Thomson Reuters Tax & Accounting offers several answers in this full article. In a nutshell:

  • Section 179 can be more flexible. With it, you can annually elect to expense on a property-by-property basis while specifying a dollar amount each time. Bonus depreciation, on the other hand, automatically applies to all eligible properties at their full costs. You can’t pick and choose which properties you want to write off via 100% bonus depreciation.

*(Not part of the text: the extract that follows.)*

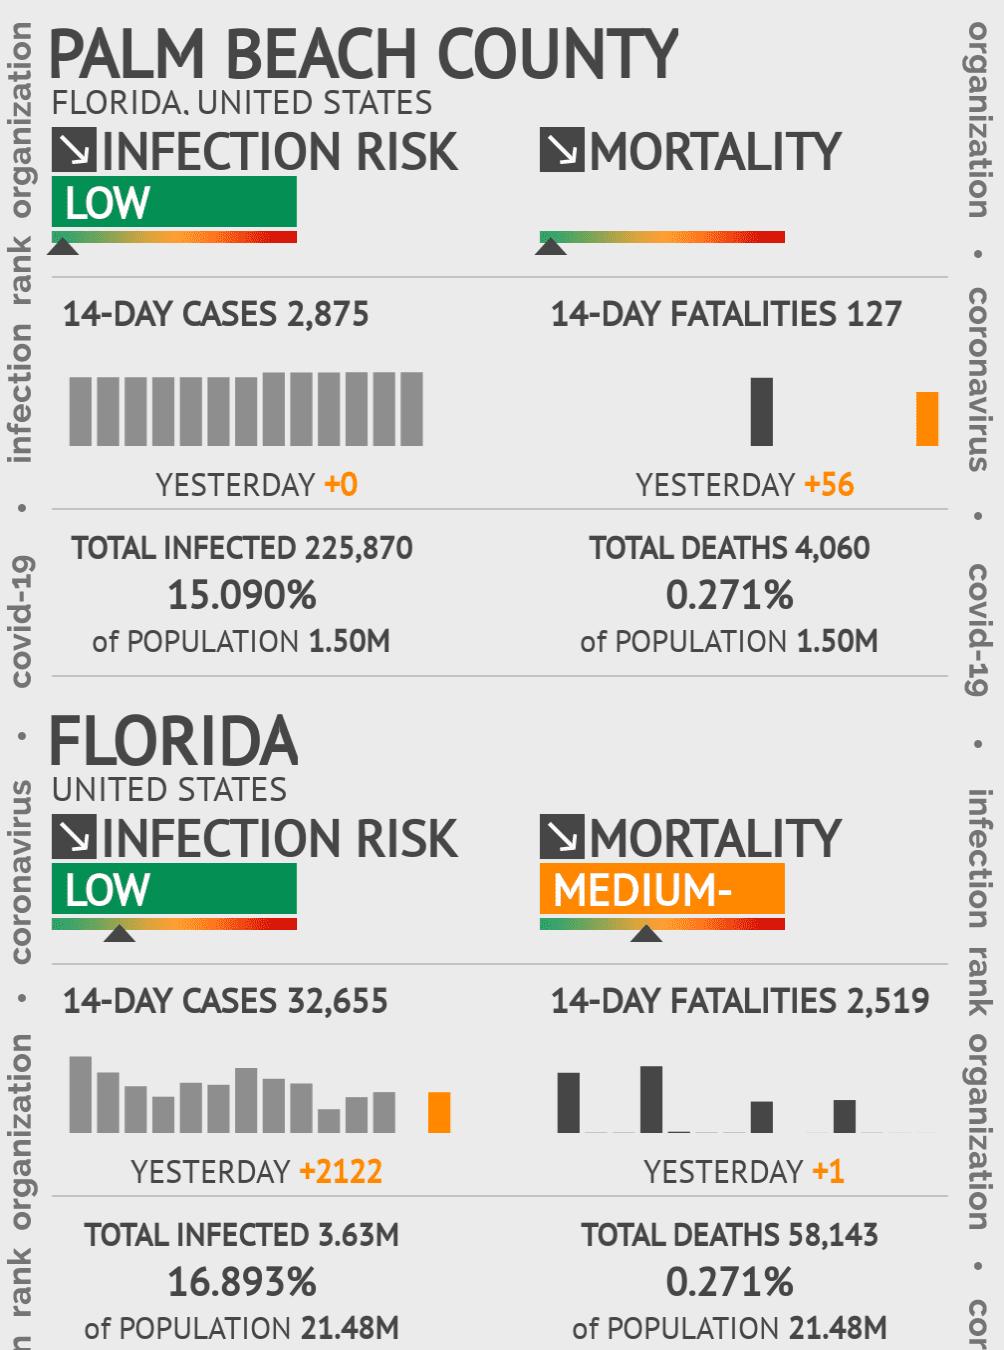 Palm Beach County Coronavirus Covid-19 Risk of Infection on February 25, 2021

However, the 179 deduction cannot be used to create a loss in the business, whereas bonus depreciation may be used to create a business loss that might offset other income.
  • While it’s true the dollar limitation on Section 179 expensing is $1 million and the investment-based reduction in the dollar limitation starts to take effect at $2.5 million, any amount that cannot be deducted because of the taxable income limit can be carried forward to later years until it is fully deducted. Net operating losses, charitable contributions and credit carryforwards are possible exceptions, however, because they each carry expirations and other limits.
  • Section 179 expensing can help make satisfying Section 263A UNICAP (uniform capitalization) requirements easier. Under UNICAP rules, inventory costs must include the allocable costs of inventoried property and other direct capital expenses, including amounts claimed for depreciation. Amounts expensed under Section 179, however, are indirect costs and don’t need to be included.
  • Section 179 expensing edges out depreciation when it comes to calculating corporate earnings and profits. An amount expensed under Section 179 is deducted for earnings and profits purposes ratably over a period of five years, while the additional first year depreciation deduction cannot be included when computing earnings and profits.
  • Nonresidential realty improvements are eligible for Section 179 expensing only. The new tax code introduces several ways in which nonresidential realty may be expensed under Section 179, with no equivalent opportunities for 100% bonus depreciation.